Arrestation musclée ce mercredi à Bruxelles | © BELGA PHOTO LAURIE DIEFFEMBACQ

Société

Alors que des émeutes ont déchiré Bruxelles samedi soir et mercredi, l’opinion publique a été prompte à mettre tous les coupables dans le même sac. Une étiquette dont se passerait bien la communauté marocaine de la capitale, dont le sentiment a été traduit dans une carte blanche rédigée pour Le Soir par Sammy Mahdi, président des Jeunes CD&V. 
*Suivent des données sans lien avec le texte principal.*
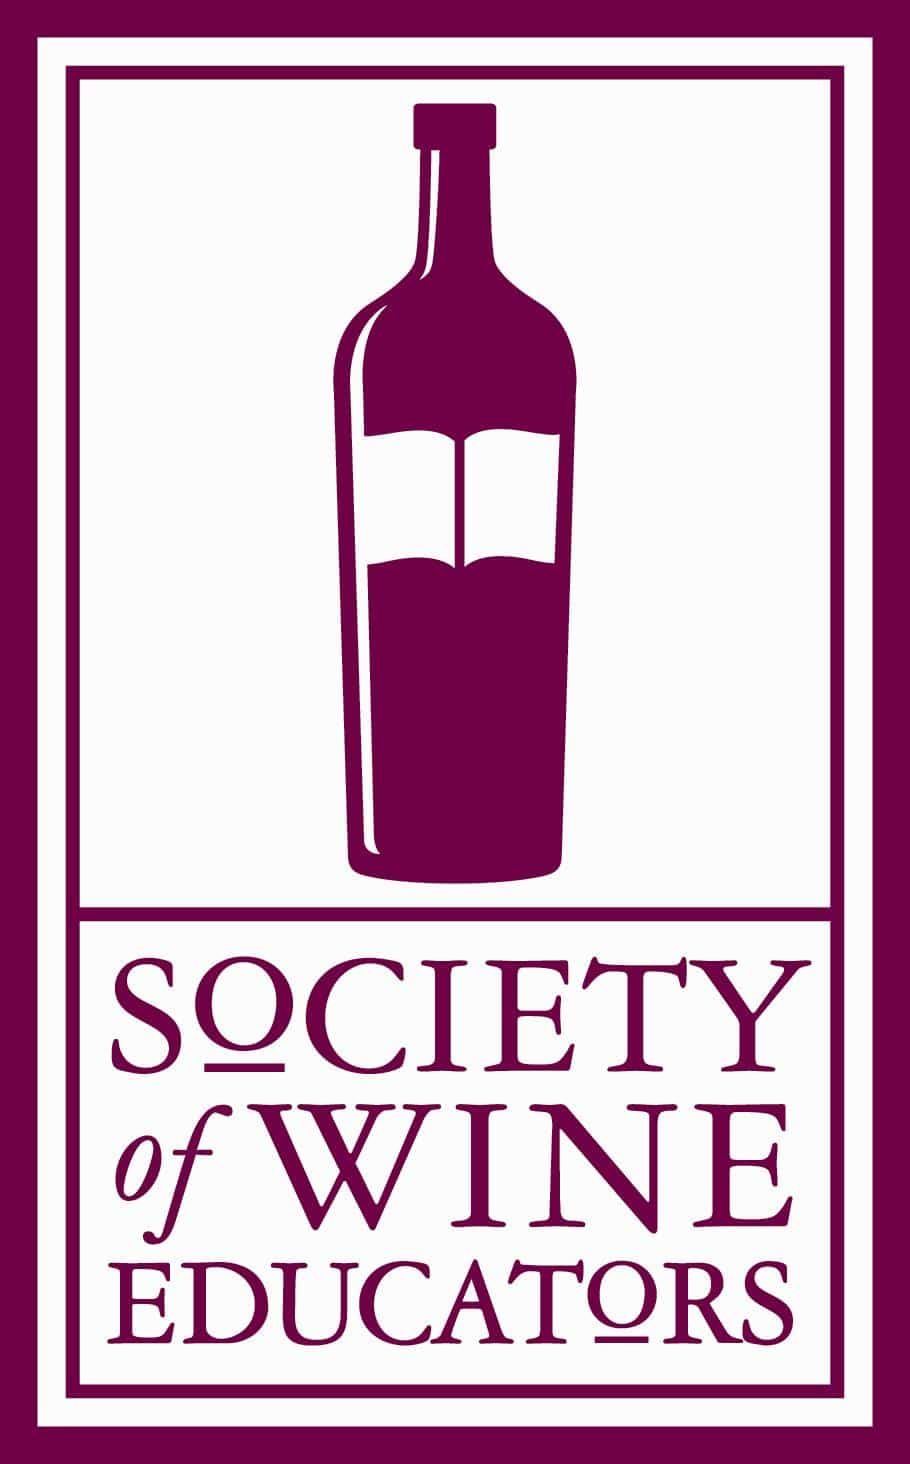 Society-of-Wine-Educators.jpg

Un texte engagé dont le titre donne le ton : « Petite racaille, on en a marre de toi ». « On », c’est Sammy Mahdi, bien sûr, un golden boy parfait bilingue, diplômé en droit et en sciences politiques de la VUB, et à mille lieues des clichés éculés trop souvent véhiculés sur sa communauté. Mais avec ce « on », le président des Jeunes CD&V se veut aussi être la voix de cette même communauté, de ces jeunes qui cachent leurs origines par peur des stigmates qui y sont associés, de ces parents qui ont honte et des ces filles qui ont peur. Une carte blanche teintée du rouge de la colère, comme un rappel nécessaire que tout n’est jamais noir et blanc, et que les premiers à souffrir des émeutes de ces derniers jours, ce sont ceux-là même qui, par la couleur de leur peau ou leur nom de famille se voient acoquinés d’emblée aux fauteurs de troubles. Et pourtant.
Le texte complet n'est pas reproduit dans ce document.